■ Activity ■
Please restate each line of the data below exactly. Omit all images.

■ Data section ■
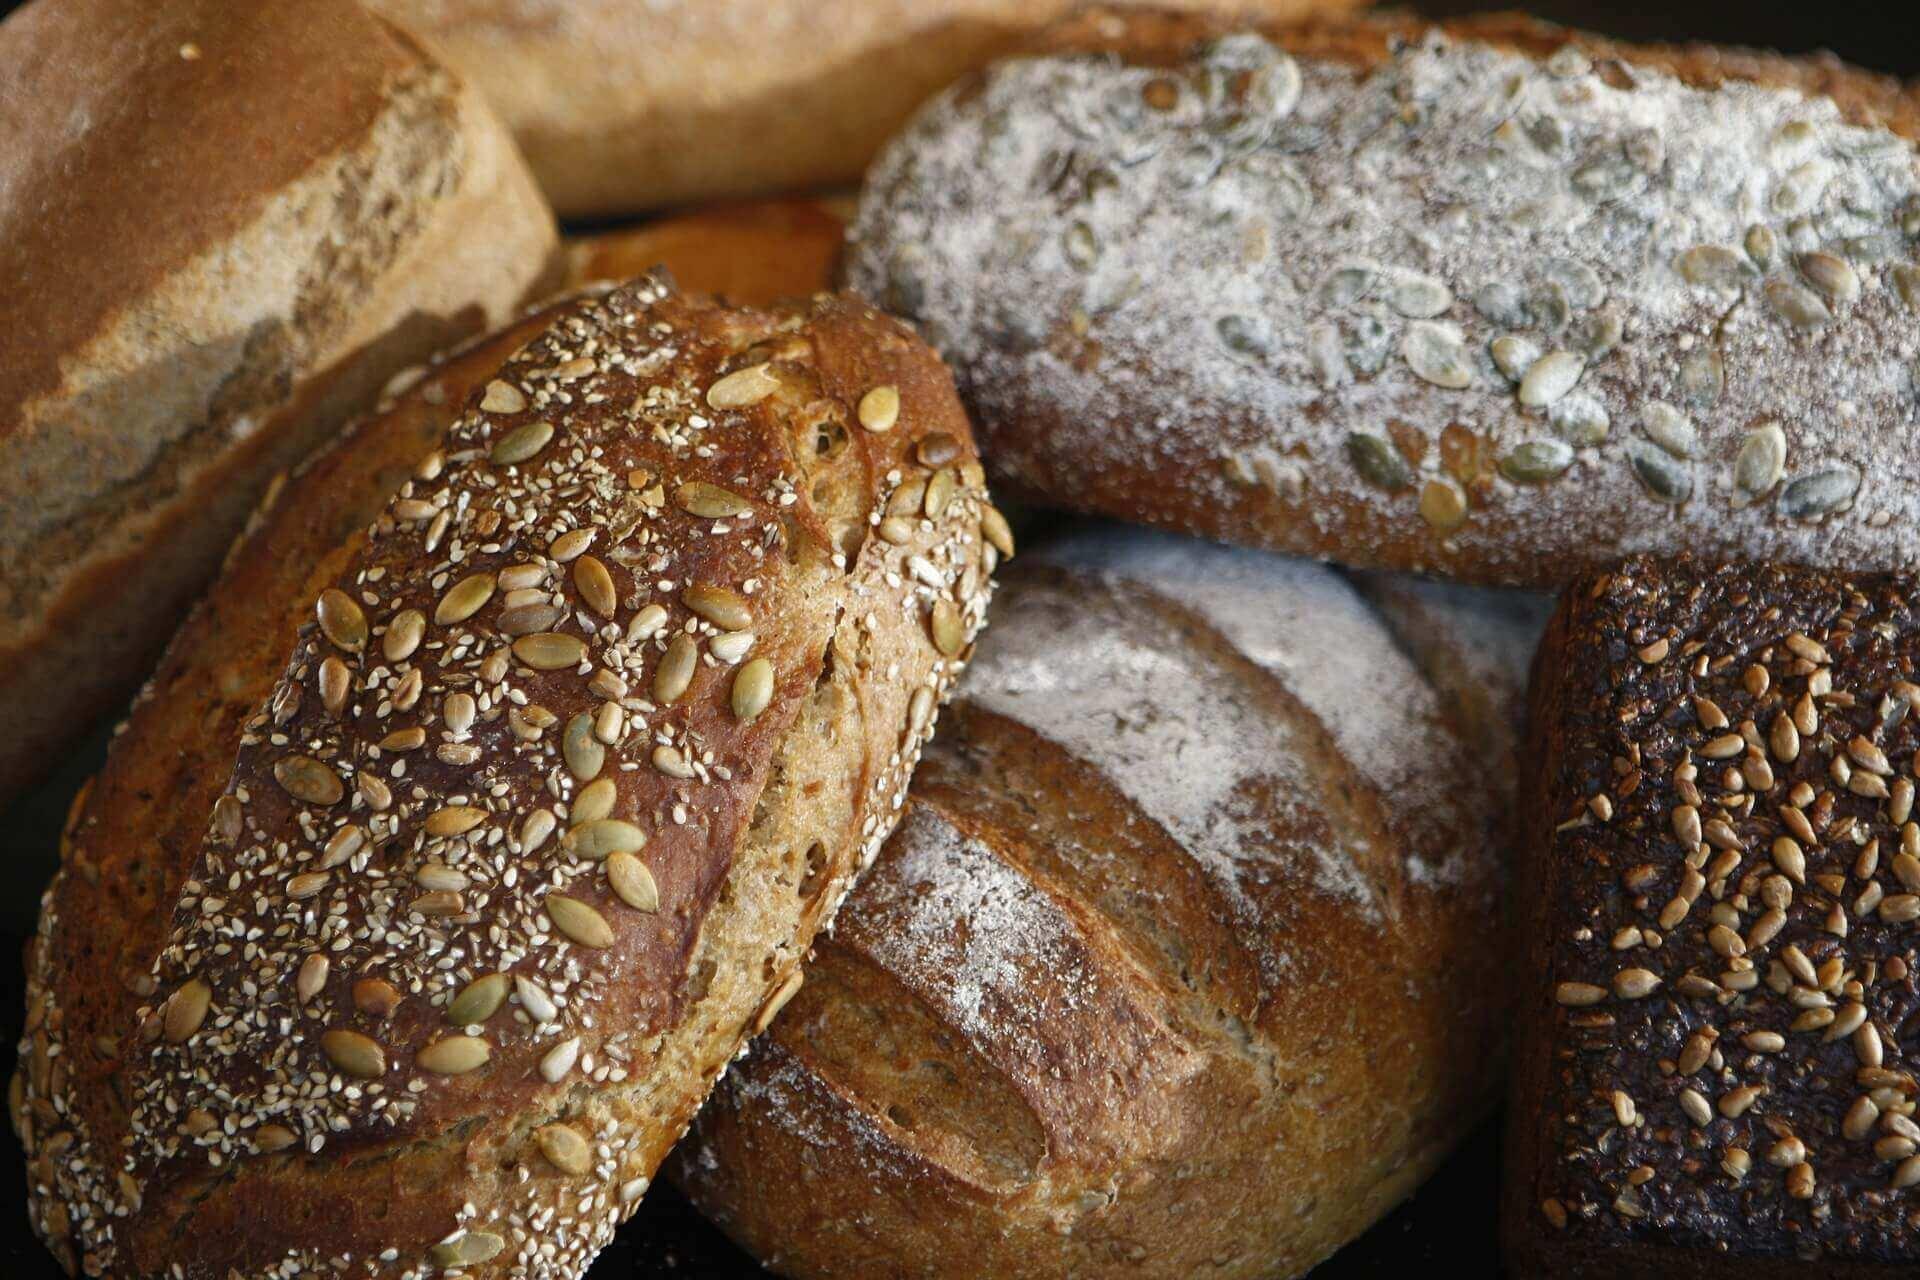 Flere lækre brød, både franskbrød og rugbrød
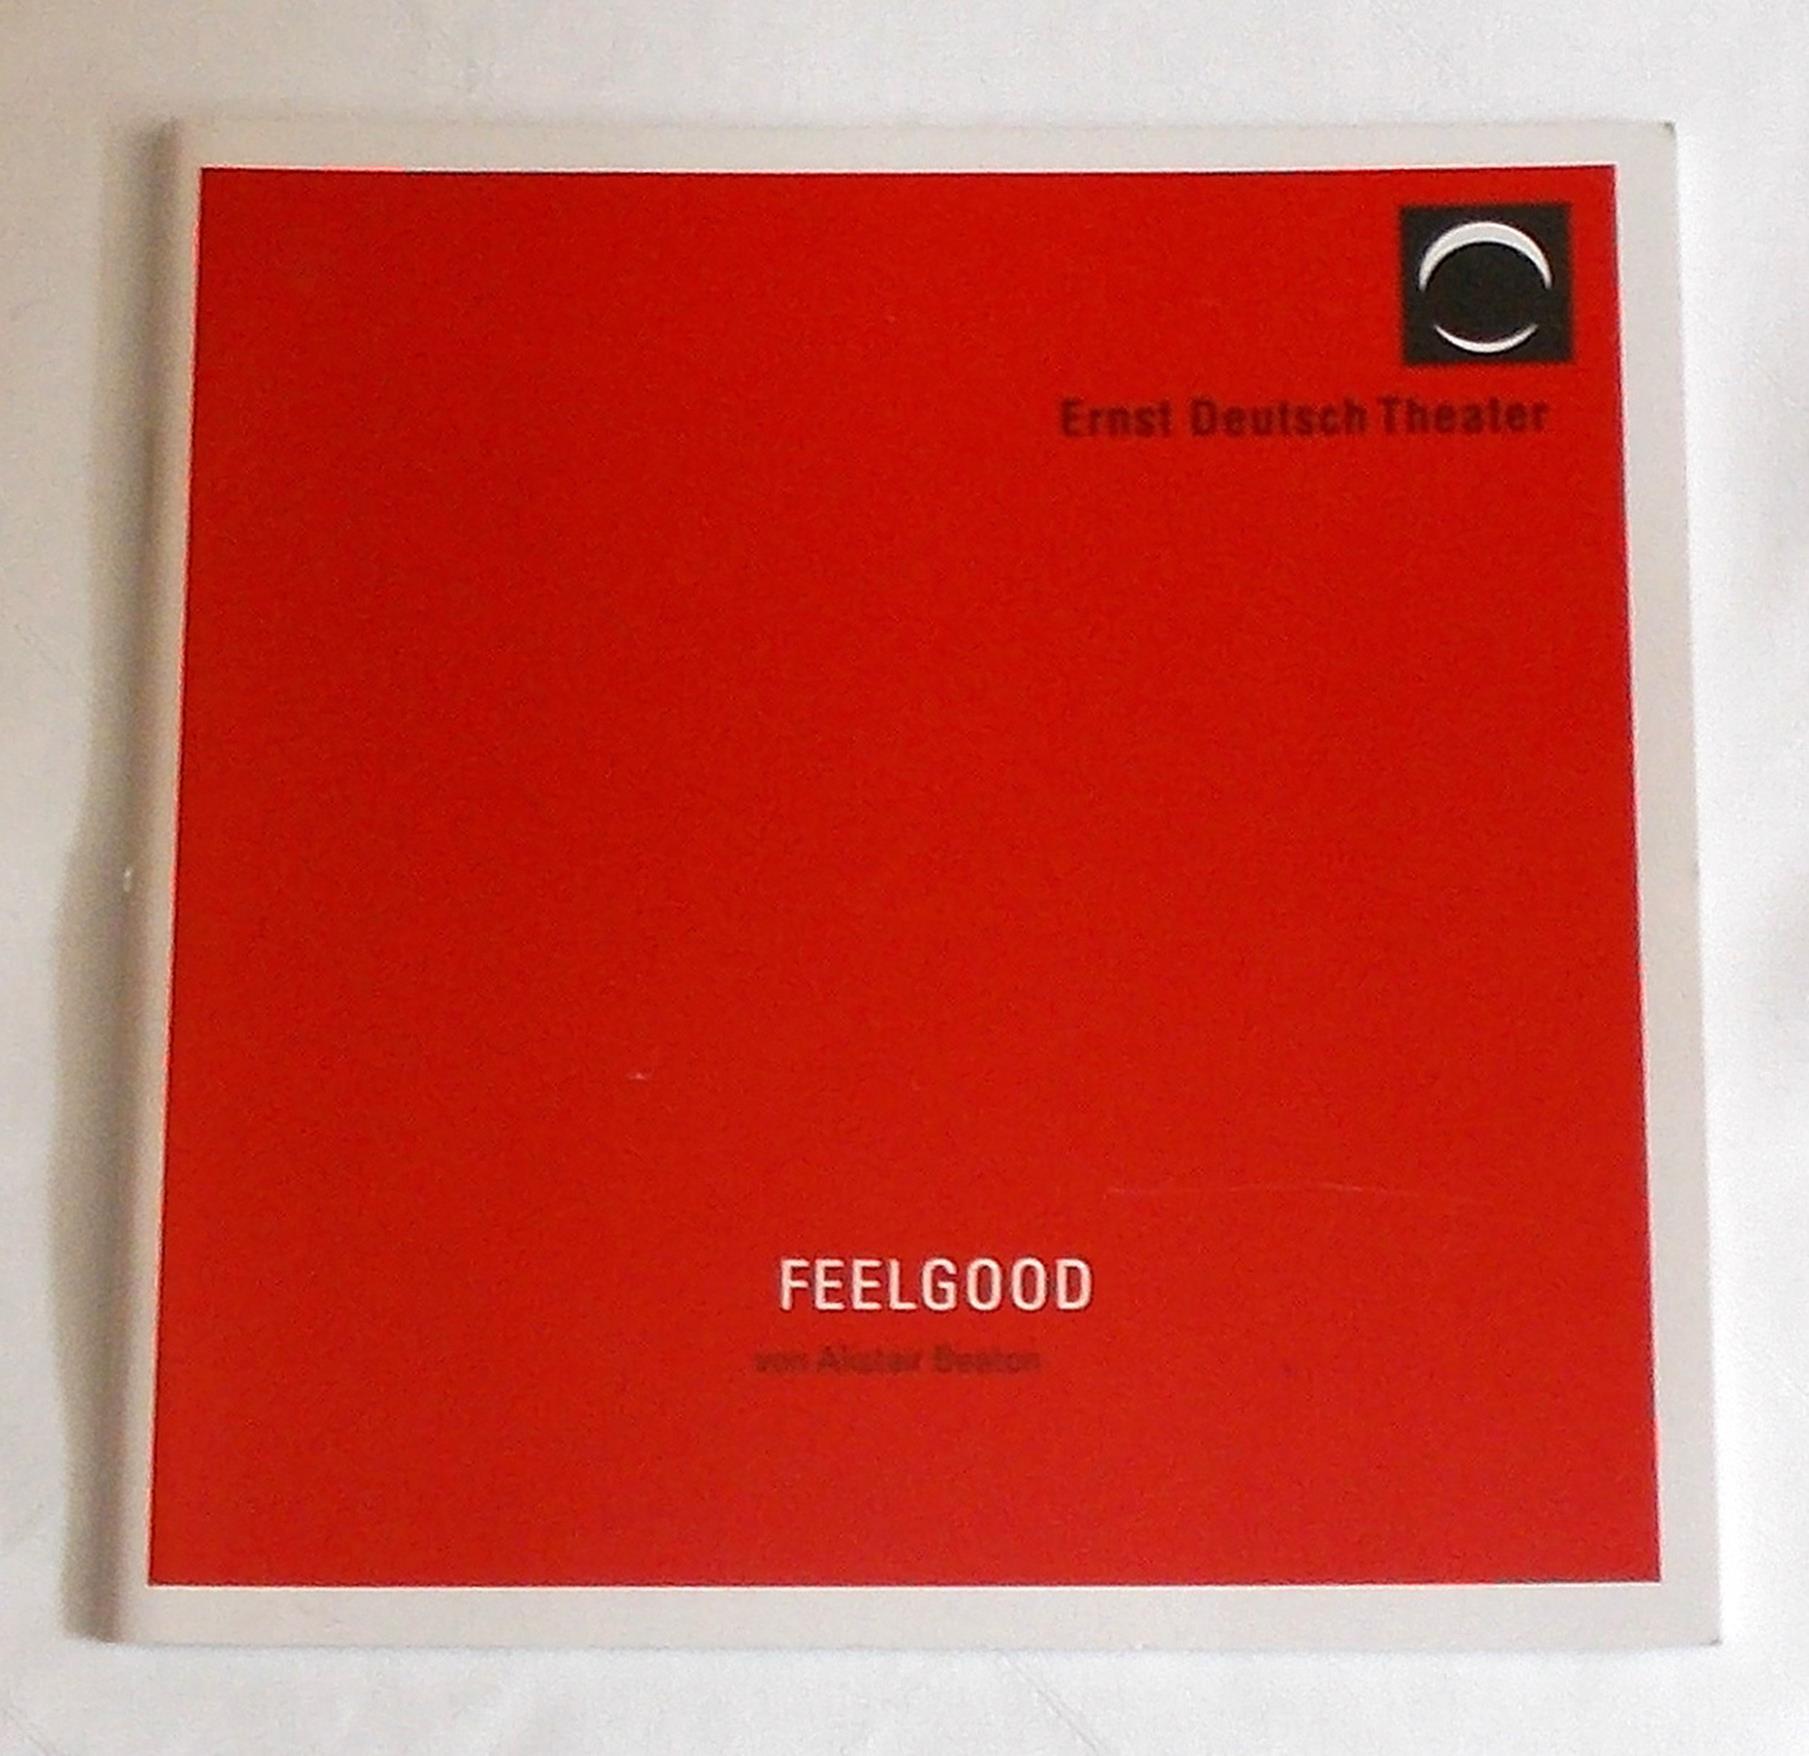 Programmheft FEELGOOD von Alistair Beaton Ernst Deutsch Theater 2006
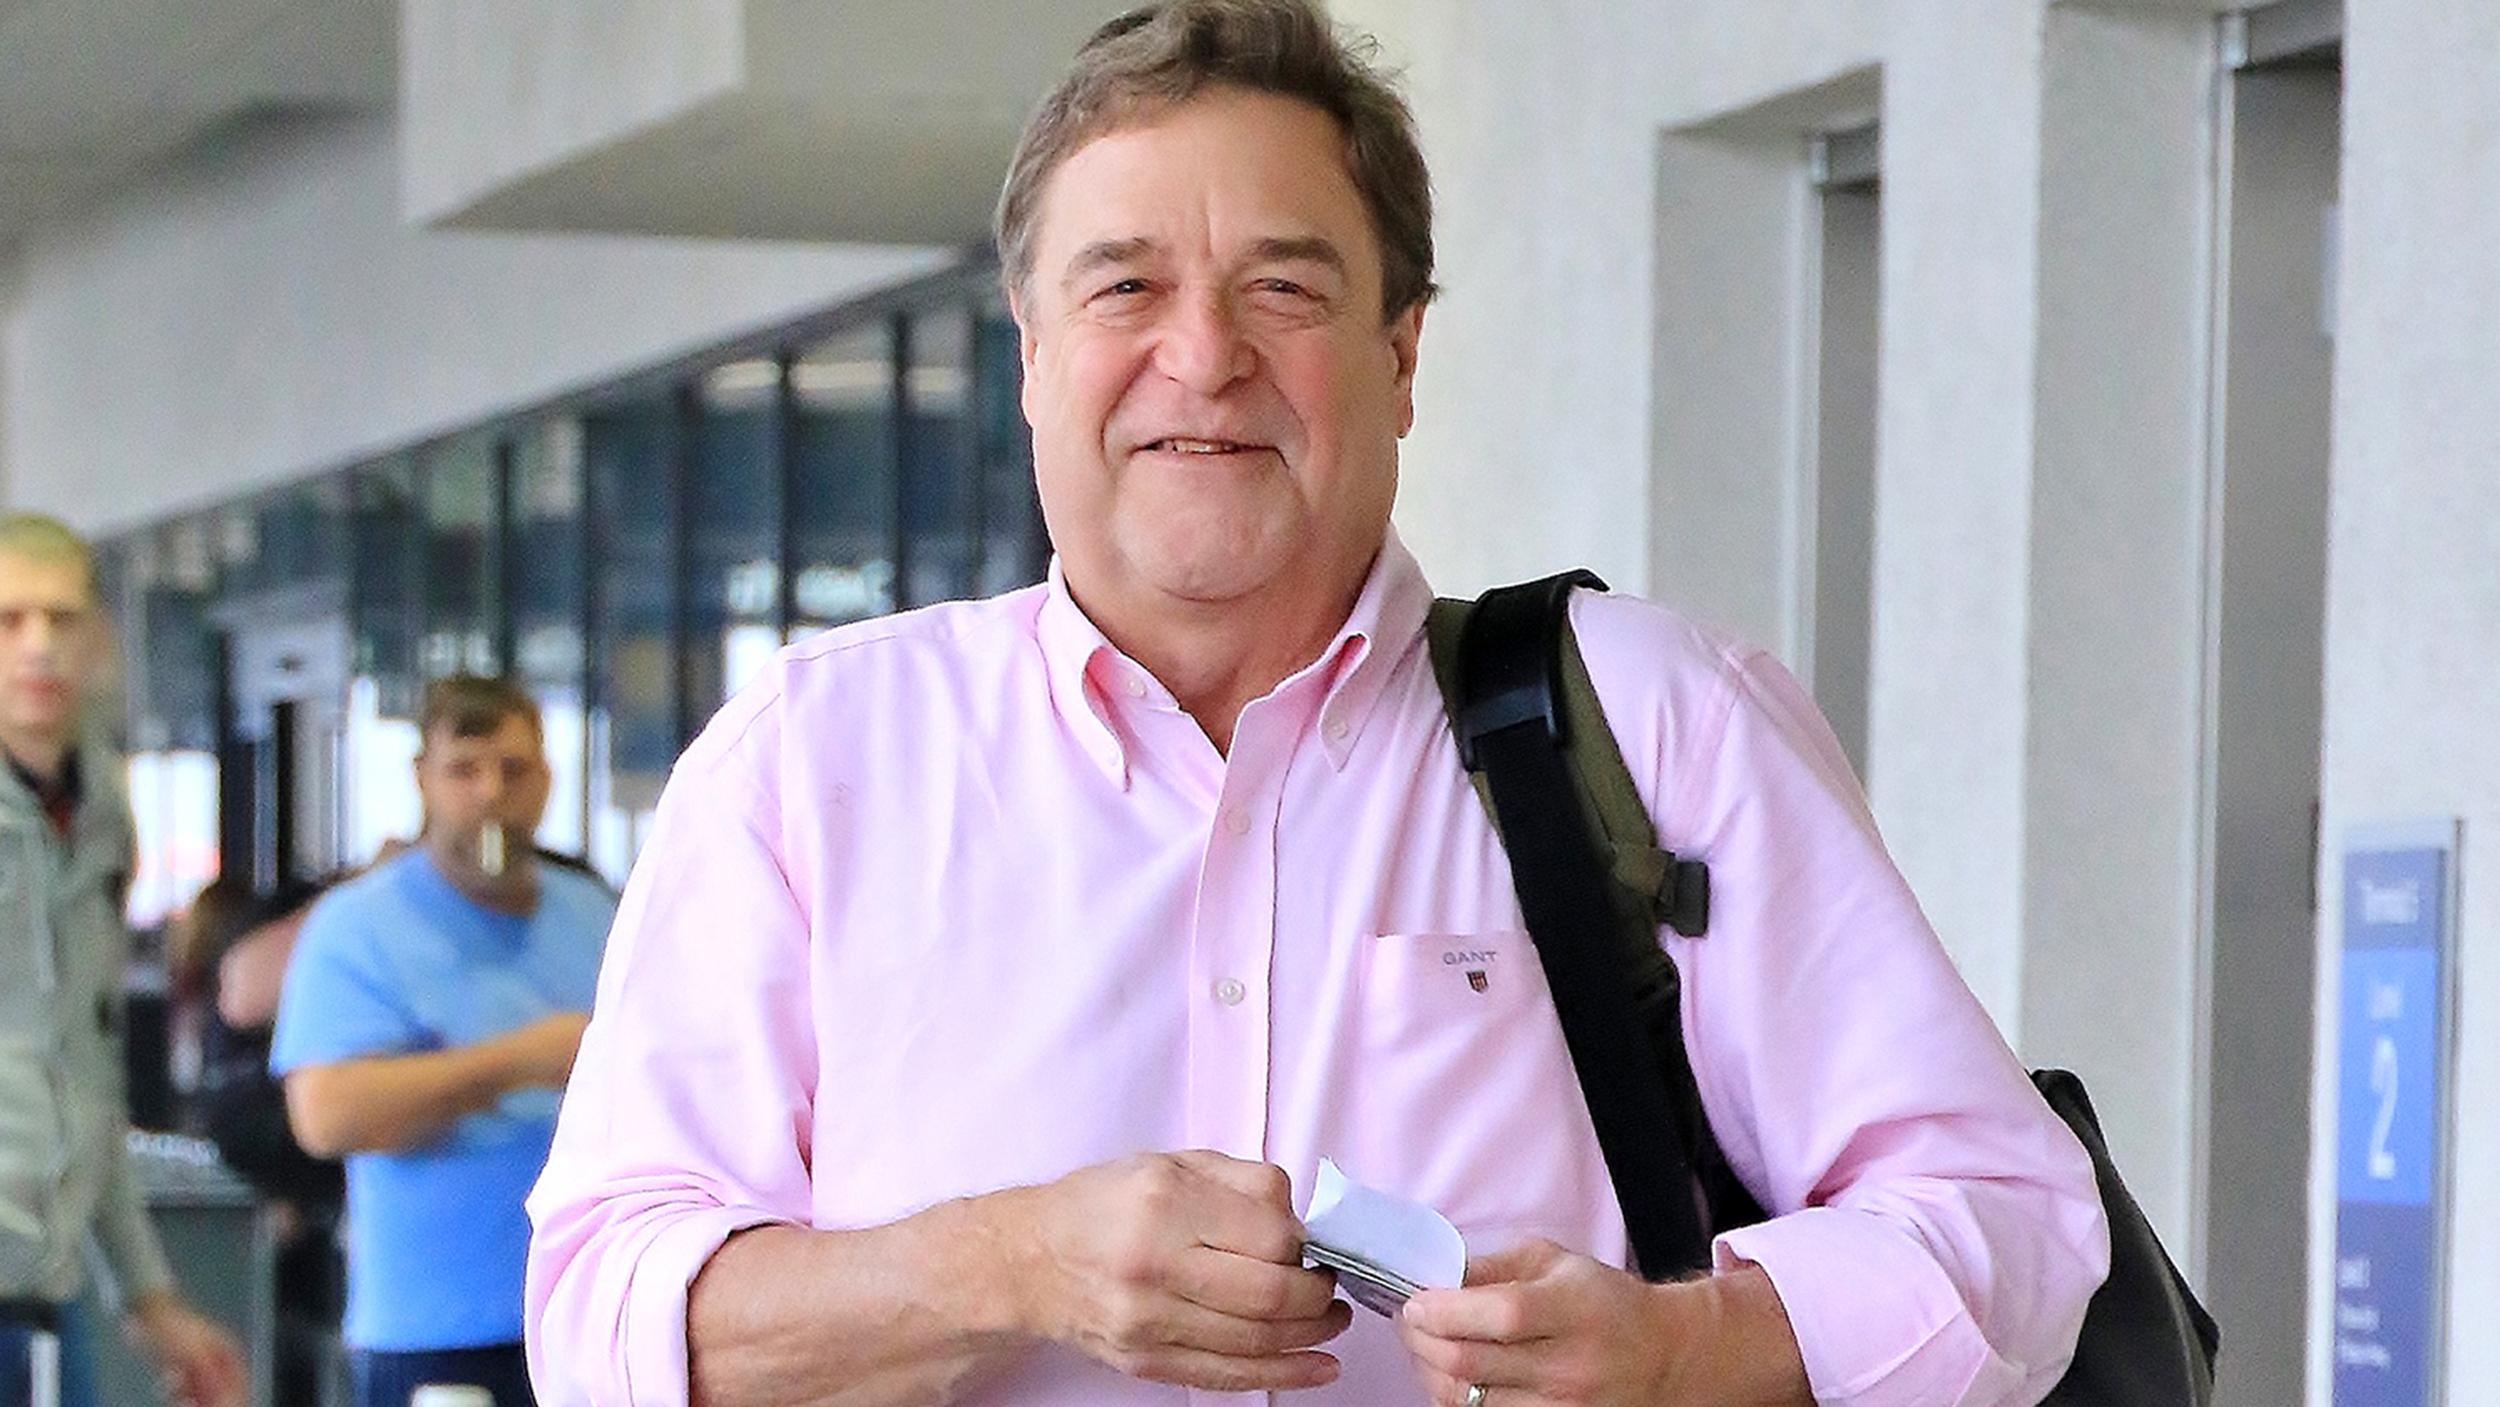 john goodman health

■ Response to the exercise ■
 Flere lækre brød, både franskbrød og rugbrød
 Programmheft FEELGOOD von Alistair Beaton Ernst Deutsch Theater 2006
 john goodman health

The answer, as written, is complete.